Impressive Total Returns
Here I differentiate Kroger to larger retailers Walmart (WMT) and Costco (COST). I know both companies are much larger, but the smaller grocer holds their own against the two looking out beyond the past year. Over a 1-year time period both stocks are in the green while KR is down nearly 9%. In my opinion, one reason for this is the pending merger. But looking out beyond that in a 3, 5, and 10-year period, the smaller grocer beats WMT over a 3 and 10 year period.
Even in 5 years they don’t trail the world’s largest grocer by a significant amount. KR total returns are nearly 64% compared to nearly 74% for WMT. But over a 3 and 10 year period, they outperformed them at 40.88% compared to just 7.01%. In 10 years, total returns are closer with Kroger still beating them out at 163% compared to 140% for the latter. COST beats both pretty handily over all periods. Probably why it was a favorite and large holding in the late Charlie Munger’s portfolio.
Valuation
At a P/E of just 10x, KR’s valuation is very attractive here. It is both below the sector median and its 5-year average of 12x. Any stock of KR’s caliber trading at just 10x earnings is a steal in my opinion and that’s why I added to my position today.

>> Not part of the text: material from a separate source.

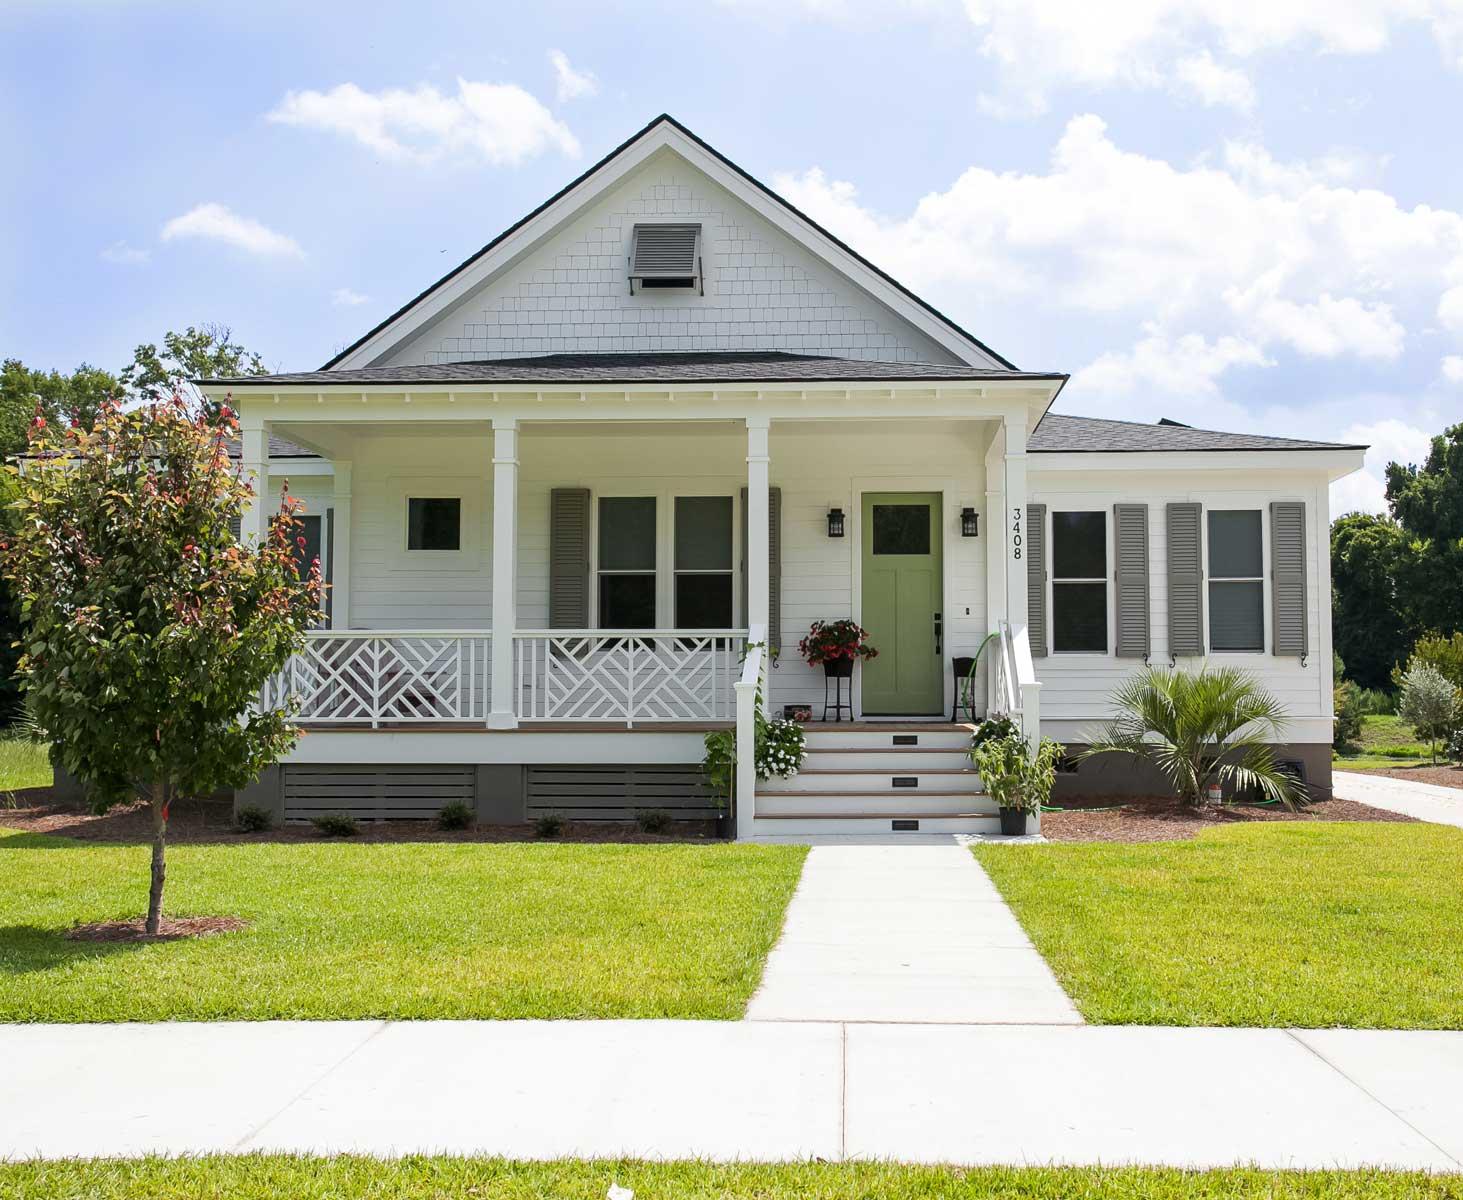 The Charleston Lowcountry Charm Home

And I strategize to continue adding as the price dips below $44. I expect the stock to continue experiencing volatility in the coming months pending approval of the merger.
For my valuation I use the Dividend Discount model and January 2025’s dividend calculate of $1.17 as per Seeking Alpha. KR actually has some pretty impressive dividend growth over a 5-year period of 14.38%. But being conservative as I always am, I use an expected rate of return of 8%, and a growth rate of 6%, significantly lower than the 14.38%. Reason being is I expect the company’s margins to continue to be squeezed for the foreseeable future due to the looming recession and macro environment. This gives me a price target of $58, above their current price target of $51.
Risk Factors
The current macro environment and tighter financial conditions will remain a huge risk in the foreseeable future as long as rates remain elevated. As management stated during earnings, customers are actively seeking value and this will continue going forward.

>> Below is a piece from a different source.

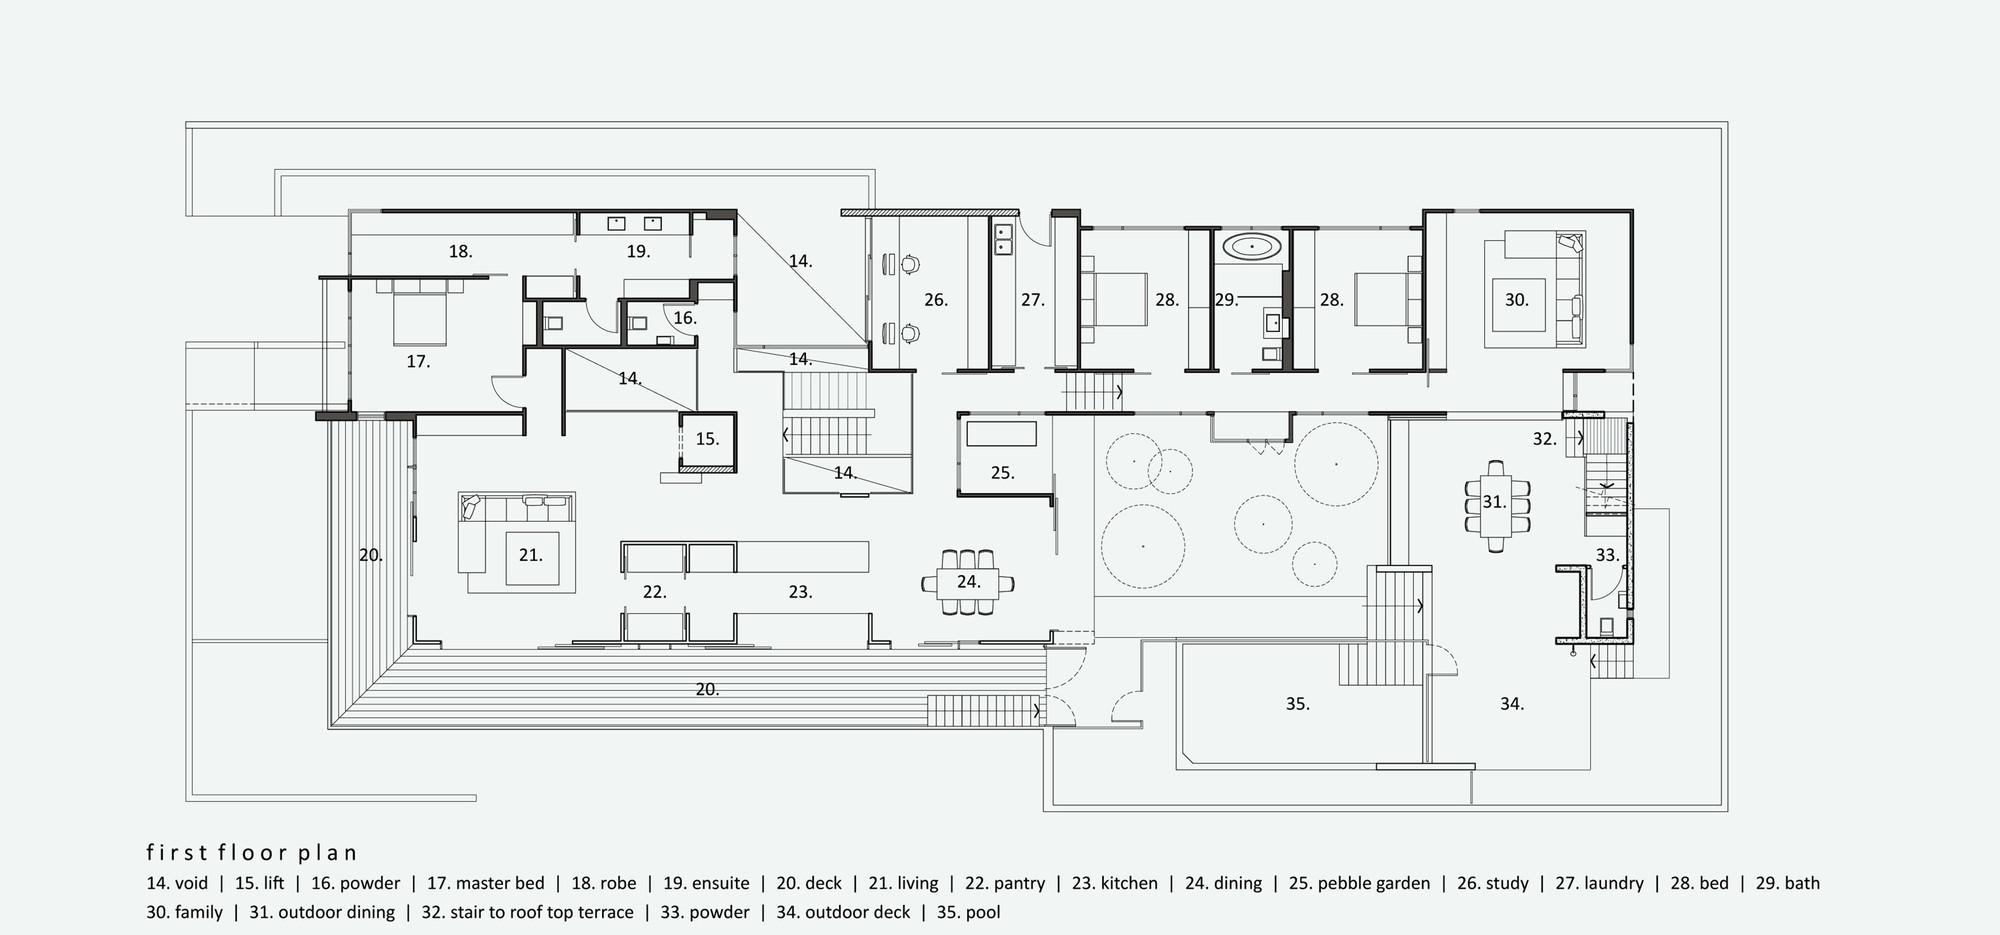 f2?1403237523 boarding house floor plans wood floors,Boarding House Plans

Another risk that poses a threat to the company is the recent development and popularity of GLP-1 drugs. In Q3, management stated they saw rapid growth of these drugs in their retail pharmacies. The effects it can have on the business remain unknown for now. KR also noted that the patient data in their pharmacy operations is separate and is protected by privacy laws. But management thinks their “Food as medicine” philosophy positions them well. If these drugs continue to gain popularity, it could potentially have a large effect on grocers admire KR.
Bottom Line
Kroger is severely undervalued at just 10x earnings which is hard to find in this overvalued market. Many stocks still trade well-above 20x earnings even with the sell-off in some sectors in recent months. I think the pending merger is suppressing the stock price at the moment. Additionally, the stock has attractive total returns over a 3, 5, and 10-year period making them even more attractive along with its valuation. I expect the stock’s price to trade between $43 to $45 pending the merger. If the merger gets pushed or disapproved I expect them to go through a advance price reject. But either way if the merger gets approved or not, I think Kroger is a buy.